Surface parking lot on a Tuesday afternoon, New Bohemia neighborhood
Towns like mine (pop. 132,228) are in neither of those categories: We have some demand, but are nervous about sustaining it, and are without physical--or, for the moment, economic--barriers to spreading. Land is cheap, and it's easier to overdo the parking and out of anxiety there might one day be too little.

This map of downtown Peoria, IL shows the enormous amount of land devoted to parking. (Source:  Urban3 )
Parking areas in downtown Peoria, Illinois (Source: Urban 3)
Too many people in and out of city government place too much concern about parking, preferably free-of-charge and easy to find. How many people express this concern is hard to say without doing opinion research, which I have not done--not even a measly focus group. But it's a lot: The subject of parking inevitably comes up in conversations about development, even about areas where there are already huge swaths of surface lots.

Strip mall parking lot, Black Friday 2015
Note that the problem is really not city-imposed parking minima, where the city demands private developers provide more parking than the developers would otherwise provide, but a more generalized anxiety. We are not LA or New York, and we know it. I have had someone tell me with a straight face that parking in downtown Cedar Rapids is a "disaster;" resident concerns about parking, along with traffic and noise, frighten the City Council away from infill development (see Kaplan 2017); and parking lots have caused the destruction of historic structures in potentially-productive parts of town (see SaveCRHeritage 2013a, 2013b). Parking lots predominate in our core areas, and of course are ubiquitous along our commercial stroads like Collins Road, Edgewood Road, Mt. Vernon Road, and 16th Avenue. And yet there's never enough.

I would characterize the pro-parking argument this way: The city needs to provide the largest amount of parking space it can, free of charge, because: (1) shoppers, employees and those who attend events have come to appreciate the convenience of door-to-door driving; (2) Cedar Rapids consumer businesses are mostly competing on price and convenience (with the strip malls and big-box stores, with the Internet) rather than on vibe or experience; and (3) there's no particular reason not to.

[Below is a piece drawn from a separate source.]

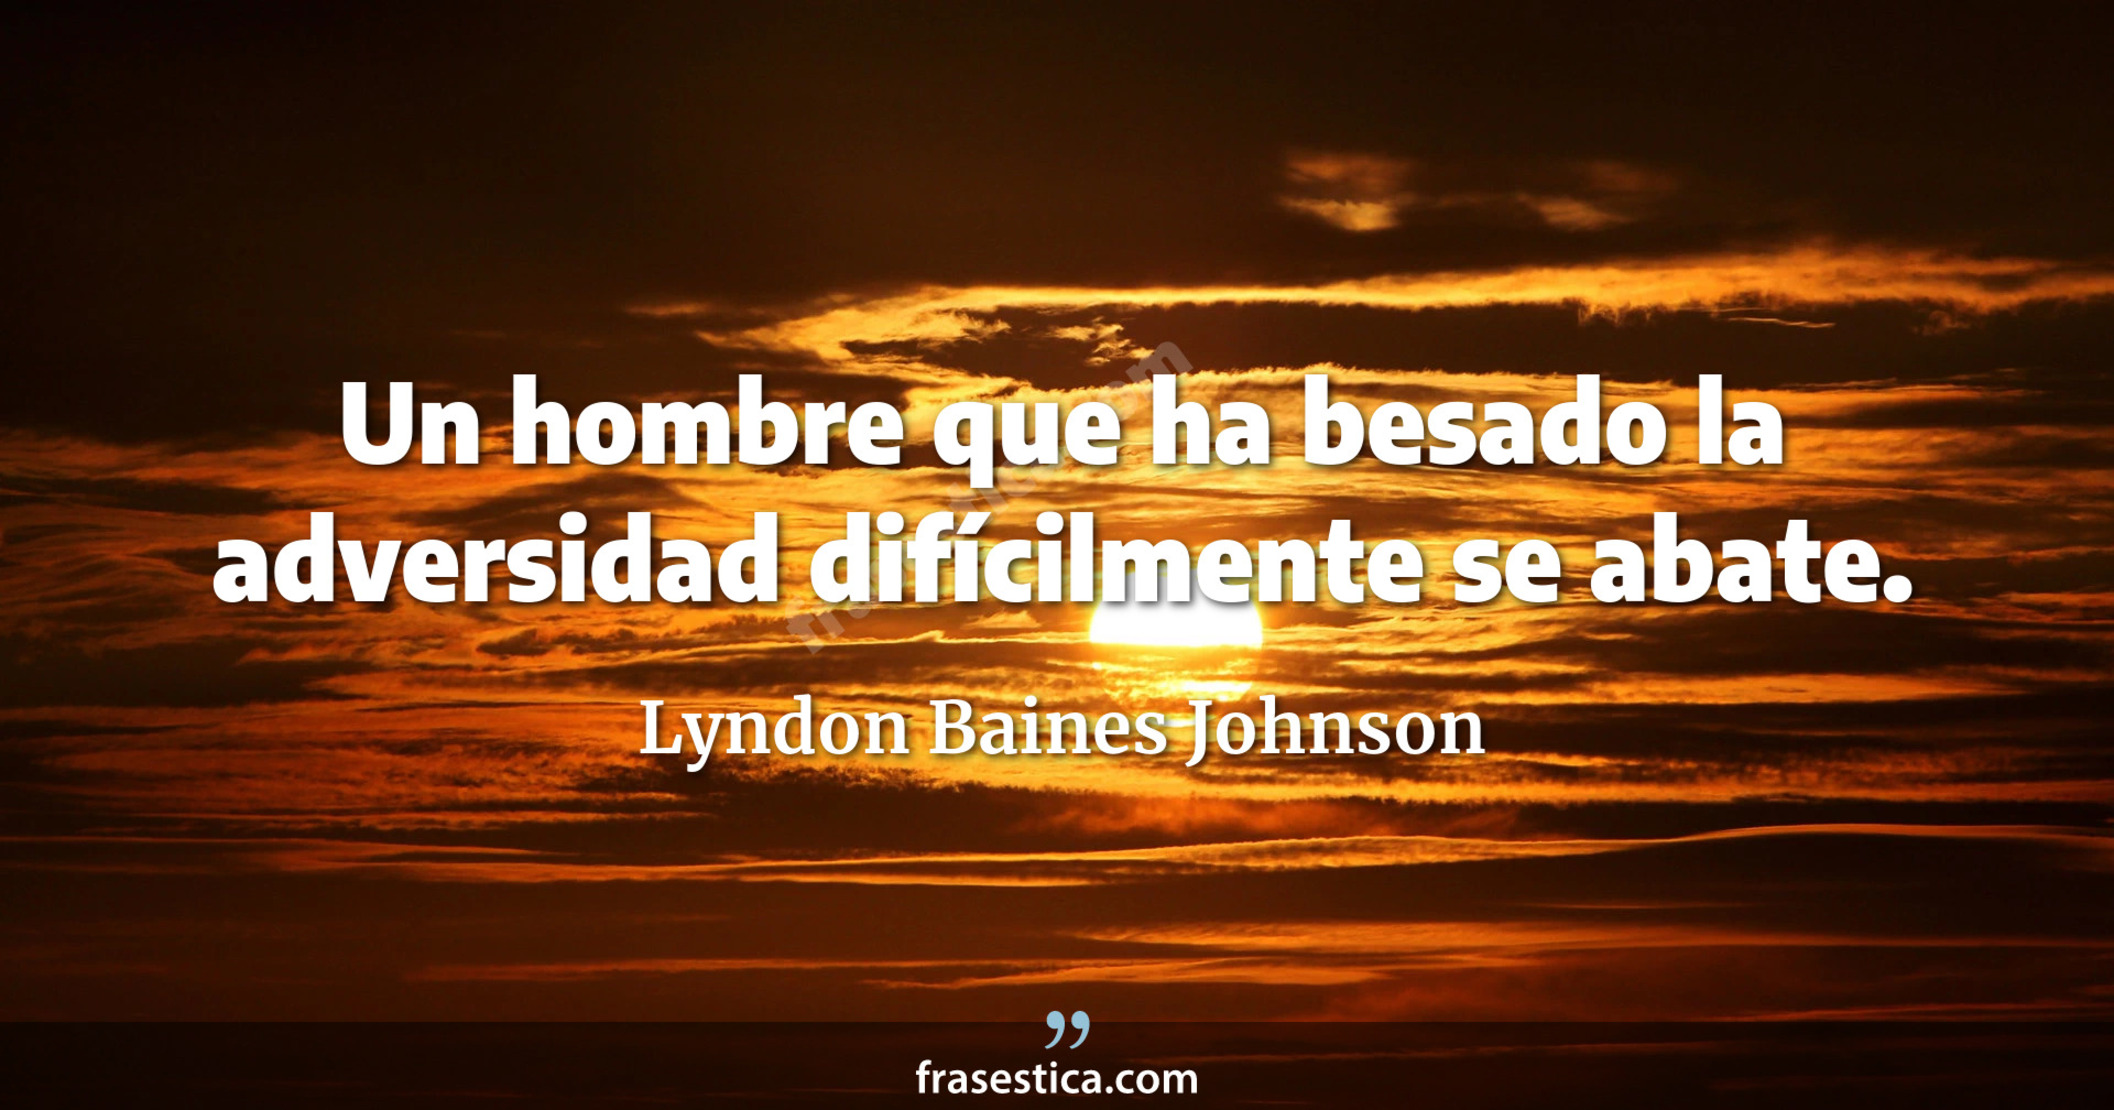 Un hombre que ha besado la adversidad difícilmente se abate. - Lyndon Baines Johnson

Shoup's empricial study of the Westwood Village area of Los Angeles found drivers spending an average of 3+ minutes looking for parking. His answer is to charge the market price for parking, which he defines as the price that leaves one meter free on every block. Cedar Rapids residents, goes the argument, have a market price for parking that is near zero, and little appetite to search for spaces, because they have choices. So anything other than plenteous free parking will doom businesses and piss off voters.
Free on-street parking, 3rd St SE
Done right, parking for cars can actually contribute to walkability. Speck (2018: 150-151) argues that on-street parallel parking helps to calm traffic while supporting mixed uses. Angle parking...
Lincoln Square, North Lincoln Avenue, Chicago
Note that placement on this one-lane, one-way block reduces car-bike conflict
..."increases the parking supply and slows traffic, both of which are great for urban retail" (p. 154). Taken in moderation, parking can indeed support other uses of the street, particularly when they bring customers to businesses, so they can remain in business, so we can walk or bike to them.

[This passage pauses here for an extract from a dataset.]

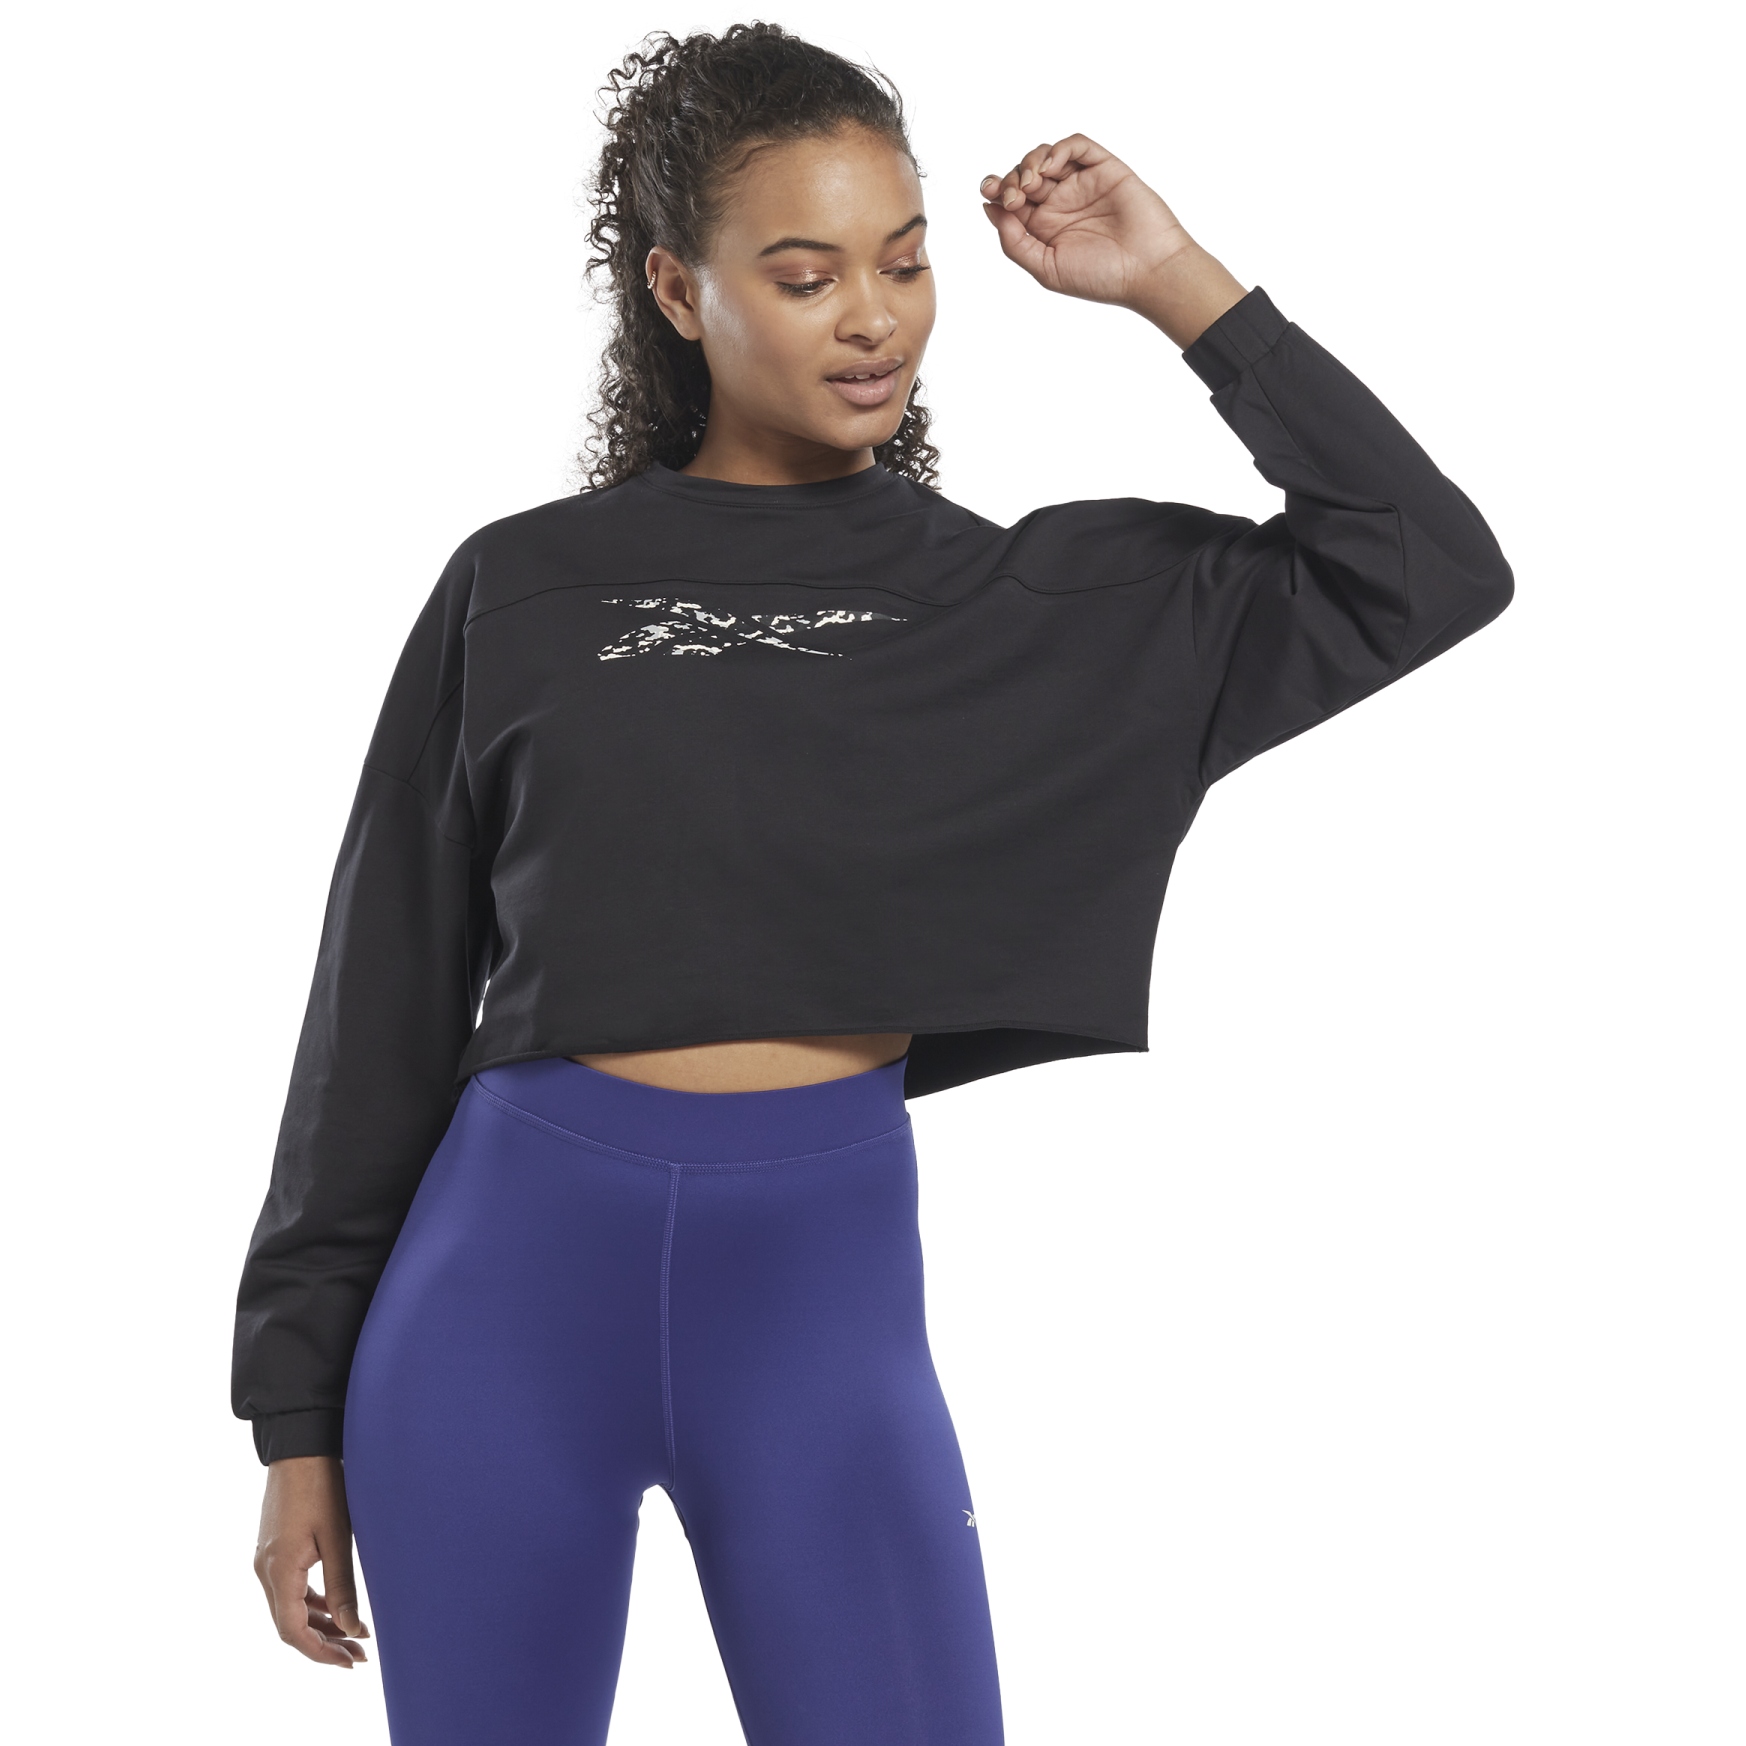 Produktbild von Reebok Modern Safari Sweatshirt Damen - schwarz

Even larger parking areas can in some cases support urbanist development, if they're moved away from the action (Kaplan 2015). Using the example of 2nd Street SE downtown, Ben notes, "This stretch of downtown is all parking lots, loading zones, and blank walls. It's also necessary. This space functions as a repository for all the stuff you need to help 1st Street and 3rd Street be great streets." Similar phenomena can be observed on 15th and 17th Avenues SW, flanking the re-emergent heart of Czech Village that is 16th Avenue; the lengthy and capacious Lot 44 (pictured above), on the river side of New Bohemia; and Henry Street in Decorah, which makes Water Street possible. Rochester, Minnesota has incredibly dense development around the Mayo Clinic, facilitated by emptier areas that surround it, though as the Downtown Master Plan (2010: 31) notes, "the fringe areas... often exhibit a pattern of development, including many blocks of surface parking lots, which does not provide either a gentle transition from Downtown or a strong edge." In 2019, we need parking areas, but too much parking can strangle development.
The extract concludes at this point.